• quality check
• defect analysis
• computer vision
• industry 4.0
• convolutional neural network
• industrial automation
• deep learning
• machine learning

The introduction of robots and automation in industrial processes brought many benefits to manufacturing industries, by improving both quality and quantity of production. Automation-assisted production is however mostly open-loop and requires checkpoints to perform product quality analysis. Early vision-based systems were therefore developed since the nineties. This approach worked very well for those activities in which the critical issues can be formally expressed by means of geometrical properties (e.g. measures) or the presence/absence of well-known features on the inspected objects.

However, to date, there are still many quality-control activities that cannot be performed by automated vision inspection machines. Their use is limited by the need to express the checks to be performed as a predefined sequence of actions in which each of them must be carefully designed to fit the specific production requirements. Nevertheless, many of the checks which can be easily learned by humans, are extremely difficult to be formally described using a set of static rules. The major difference relies on the fact that humans can exploit their experience as a relevant evaluation criterion while assessing the quality of a product. On the other hand, implementing such feature on an automated vision inspection machine requires the development of novel algorithms which can be trained and improved with time and experience. Early attempts using traditional Artificial Neural Networks (ANNs) and other learning tools dramatically failed due to the complexity of modeling in rigid mathematical structures the vast set of rules required to model the expertise.
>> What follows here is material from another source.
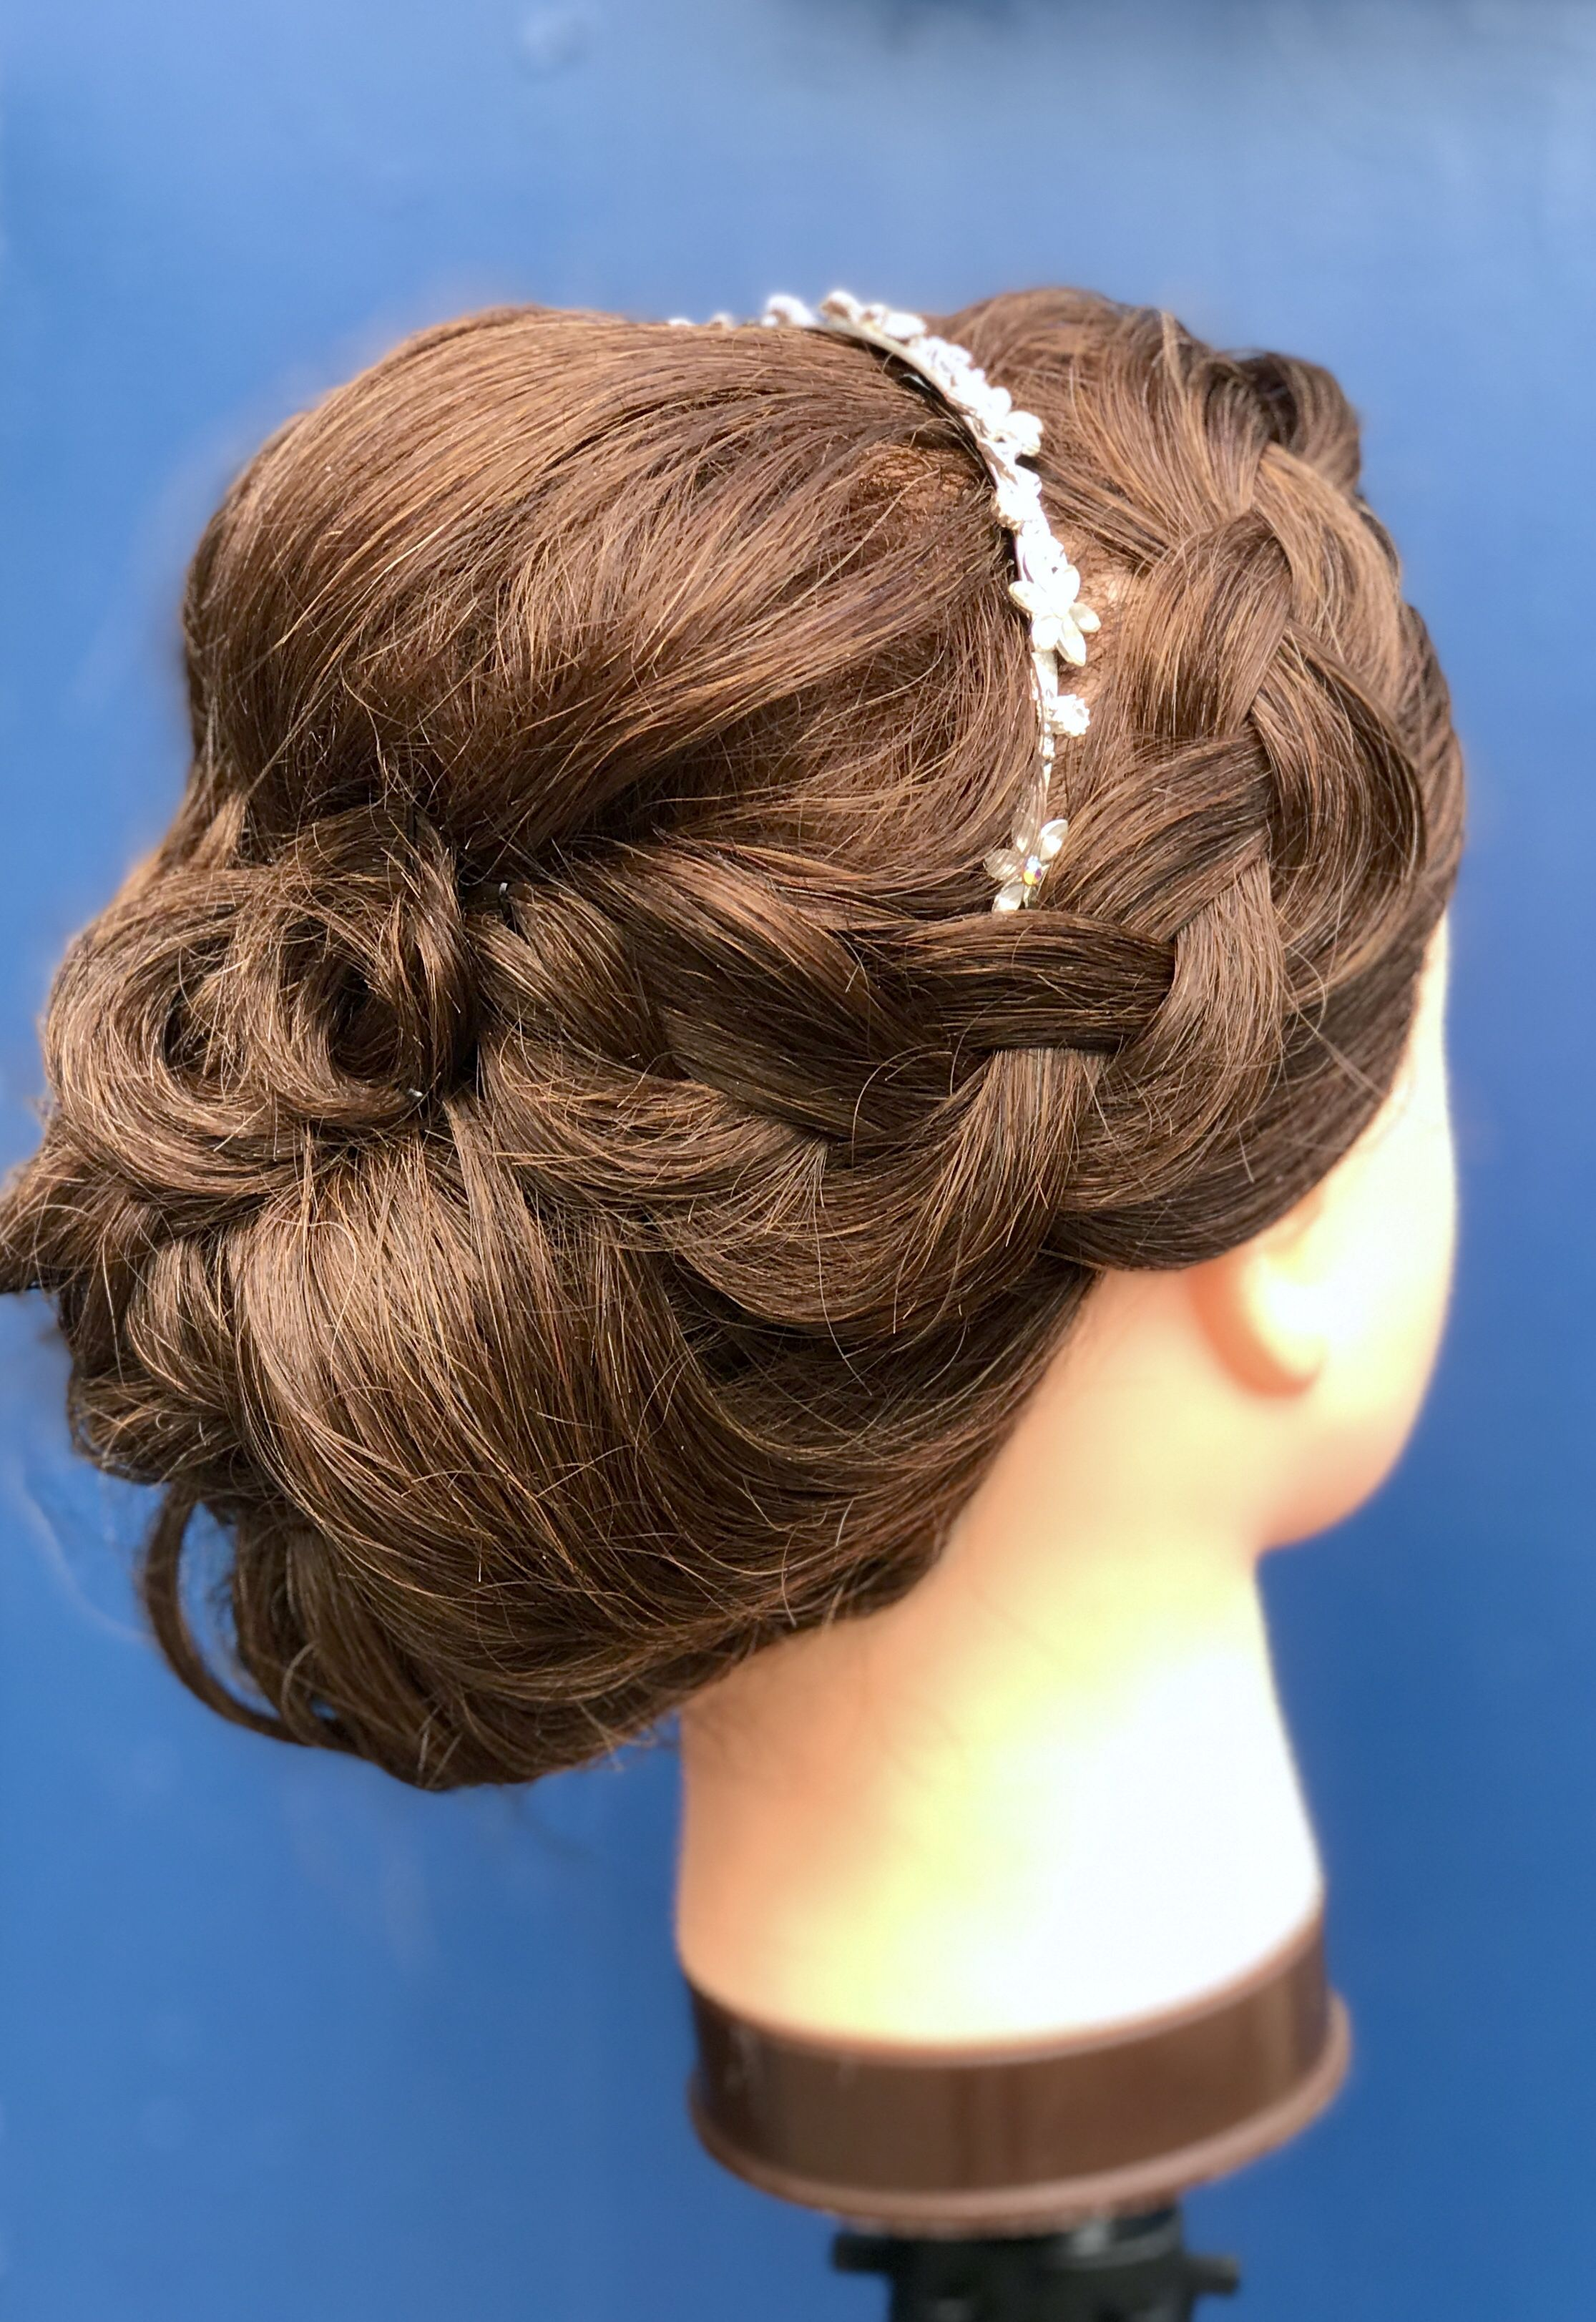 Bridal Hair Styling Courses Course Hair Hair Academy Makeup Course

In the last few years, the research on Deep Neural Network (DNN) brought new interest in the field of machine learning based on ANNs. In particular, it has been shown that, given enough data, a DNN can be successfully used to perform complex computer vision tasks such as object classification, object detection and image segmentation. Those networks showed several interesting features, such as experience-based learning, scalability, and performances similar (and in some cases even superior) to human beings. Moreover, with respect to previous ANN approaches, these networks have the advantage that they do not require anymore explicit efforts to describe optimized features extraction algorithms.

This Thesis work has the aim to map the human learning ability from experience into an equivalent learning-from-data capability of a DNN. The effectiveness of this approach has been proved in a real application for the inspection of welding defects on the assembly line of fuel injectors. We designed and assessed an automated defect analysis system based on deep learning. The Thesis covered all the development steps from early concept design, specification design, development of a prototype, software design and finally the development of a complete system which will be integrated into the assembly line. The hardware and software have been designed for all the system components, from the acquisition of the images to the communication of the analysis results to the enterprise PLC. Most of the efforts have been put in the design of the network architecture and on the definition of the training procedure. Starting from state-of-the-art deep architectures and using the transfer learning technique, it has been possible to train a network with about 7 millions parameters using a reduced number of injectors images, obtaining an accuracy of 97.22%.

The realization of this Thesis has been made possible thanks to the collaboration with Continental Automotive Italy S.p.A and their interest in the Industry 4.0 research topics to bring intelligence in the manufacturing processes.

So far, the system described in this work has been successfully tested on the assembly line and will enter into production starting from June 2018. We already provided intelligence in the system so that during the early phases of operation, it will collect new images to extend the existing dataset and to improve further its performance. With this Thesis work, we showed that deep neural networks can successfully perform quality inspection tasks which are actually done by humans. The approach, the system and the methodology described here can be also easily extended and applied to other applications.